Пожалуйста, сударыня, сядьте со мной рядом,Пожалуйста, сударыня, наградите взглядом,Прочь, прочь, отвяжись, какой беспокойный…

Парижу понравилось, и, не понимая ни слова, Париж стал подпевать и подсвистывать гвардии. Скоро по каруселям, на парижских ярмарках, в любой ресторации знали, что такое у русских вейн-вейн и что берлагут. «Берлагут» – так попросил впервые водки барабанщик Архангелогородского полка, солдат нетрезвый, штрафной, но острослов на весь батальон. Трактирщики решили, что водка по-русски «берлагут», а русские солдаты, что по-французски водка «вейн-вейн». И стоило русскому усачу в потемках бульвара легонько скашлянуть, и сказать «трик-трак», как парижская нимфа тотчас брала гиганта под локоть, и они удалялись с поспешностью по своим особливым делам.
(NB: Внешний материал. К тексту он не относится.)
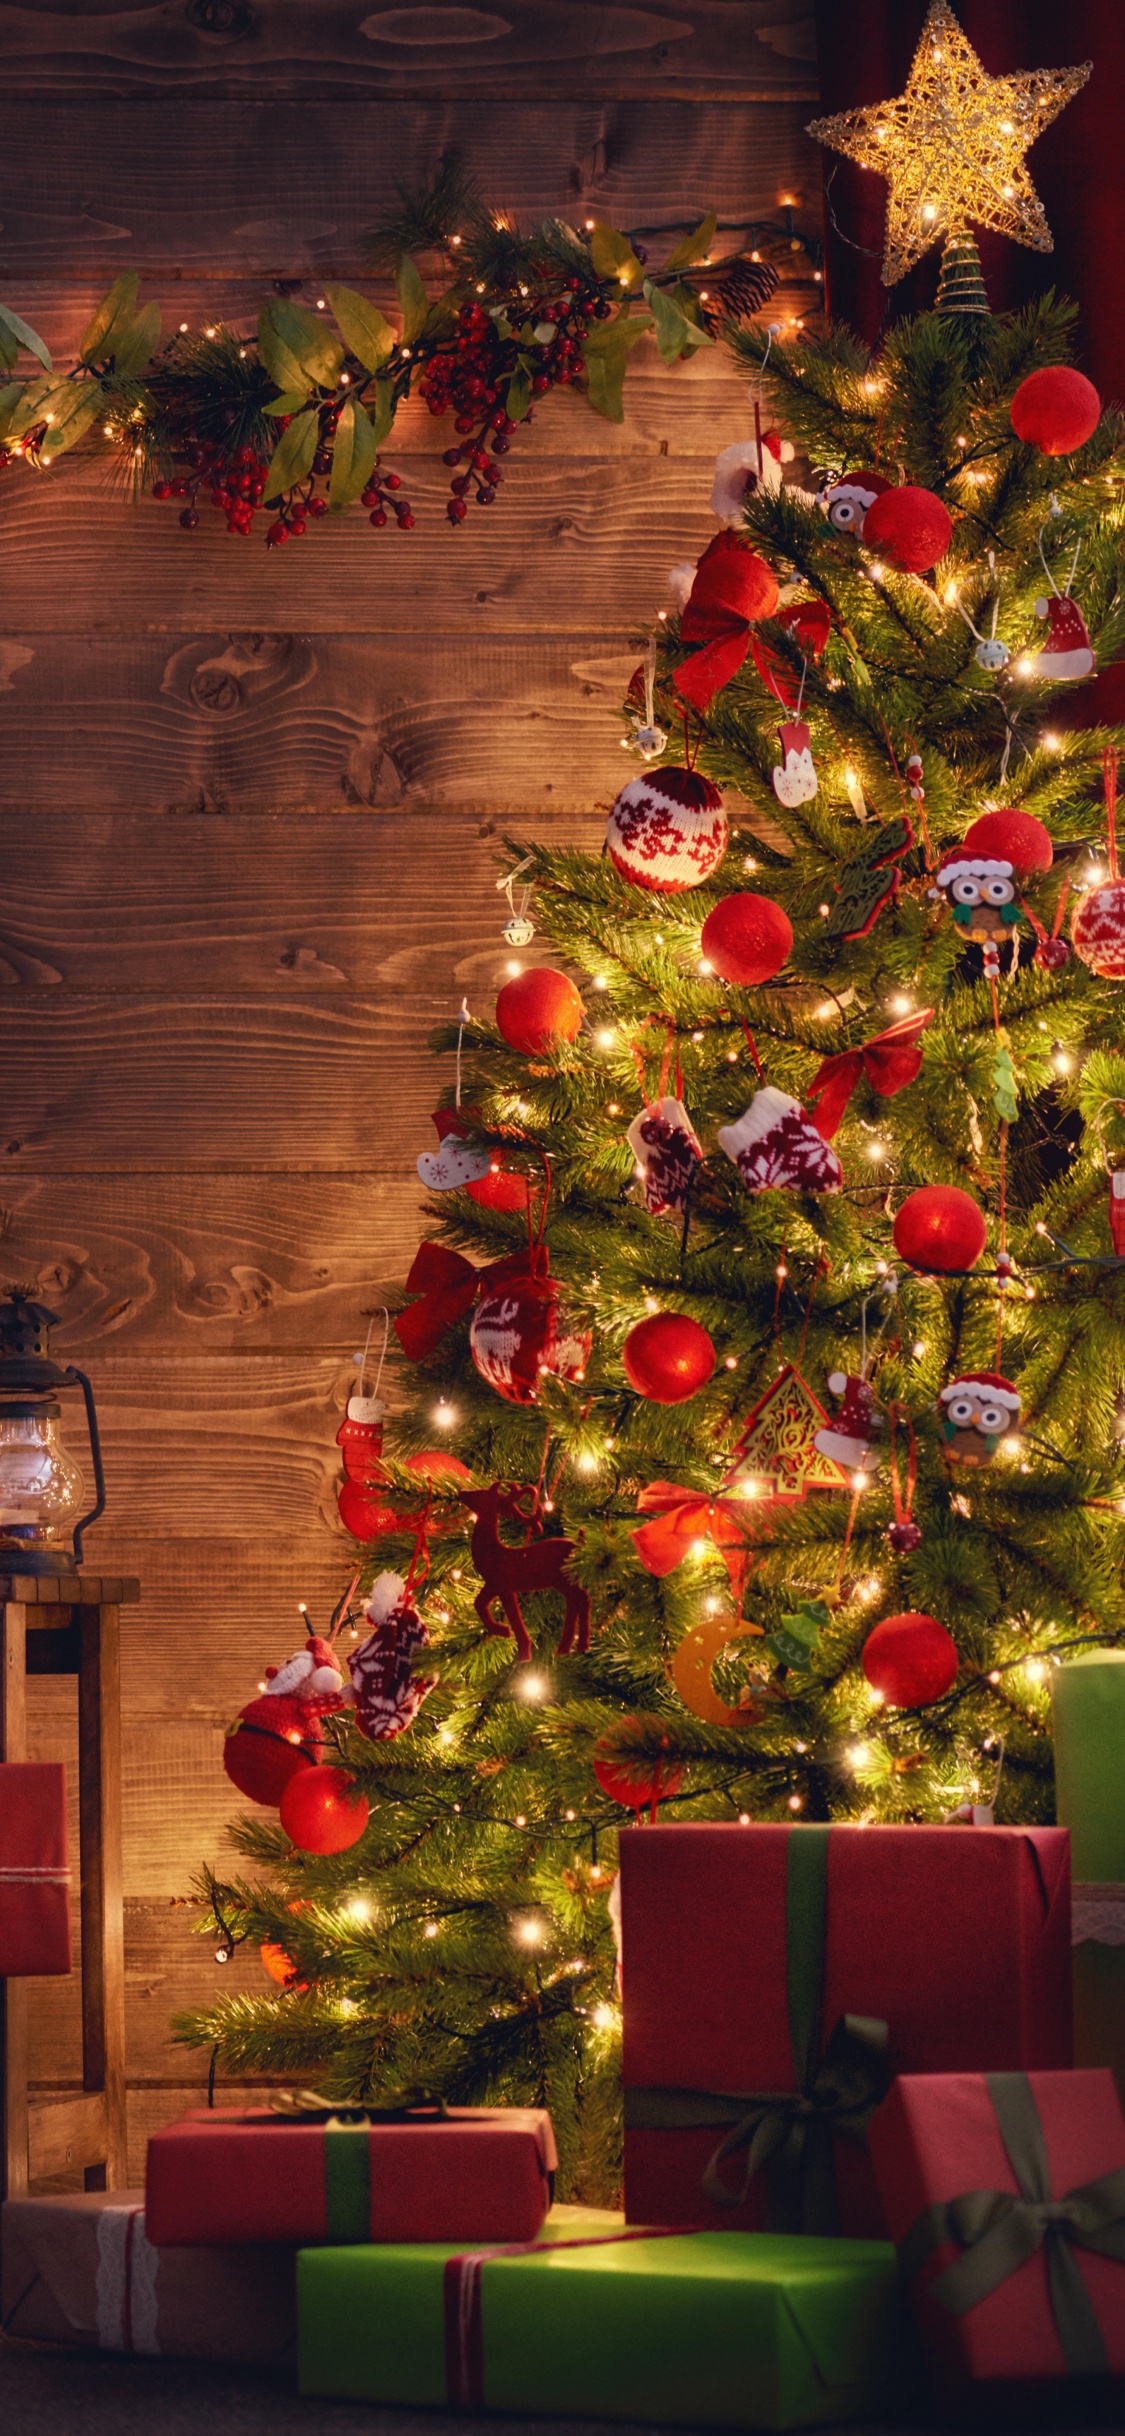 圣诞树, 圣诞节那天, 圣诞装饰, 圣诞节, 圣诞彩灯 壁纸 1125x2436 允许
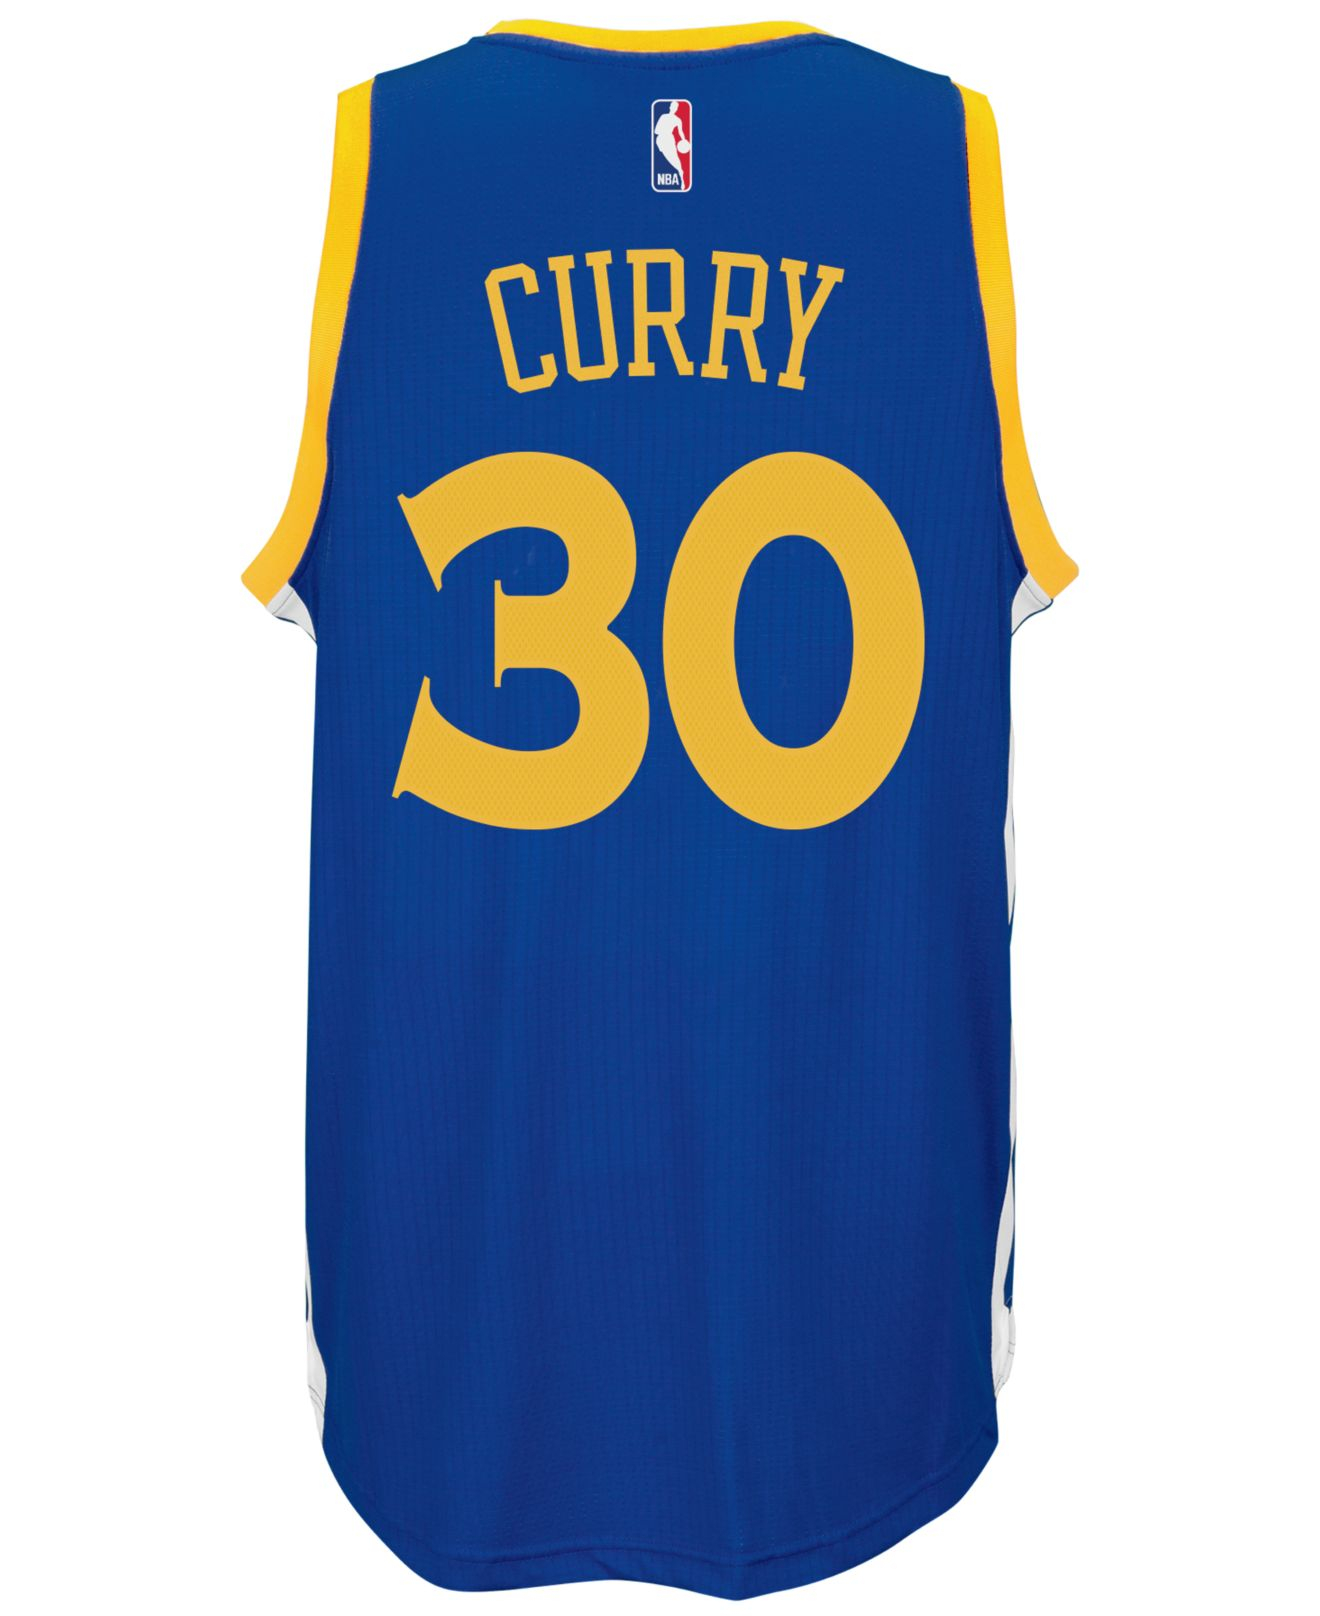 Adidas originals Men's Stephen Curry Golden State Warriors Swingman

А под серыми сводами Богоматери Парижской русские ходили на носках, придерживая кивера под локтем. Они стряхивали немного по-лошадиному головами, крестясь у престола, и смотрели на все с радостным любопытством.

Они бывали в Сорбонне, на мануфактурах и в старых дворцах. Они бывали и на лекциях господина Бенжамена Констана.

Может быть, именно в тот день, когда русские гренадеры в белых гамашах сидели стаей на широких ступенях Сен-Мадлены, Храма Славы Великой Армии, и писал из Парижа в Лондон суровый английский генерал Велинггон: «Я должен сказать, что здесь мне понравились больше всего русские гренадеры».

V

В прежнем капральстве Африкана Зимина, умалишенного, что скончался еще в царствие государя Павла, не тронуты в неисчислимых сражениях только два товарища его: капрал, или, как приказано называть нынче, унтер-офицер Аким Говорухин, пожилой, неслышный солдат, любитель божественного и Библии чтец, да молодой Михайло Перекрестов, что на рассвете мартовской ночи подавал воду хозяйке государя Павла Петровича.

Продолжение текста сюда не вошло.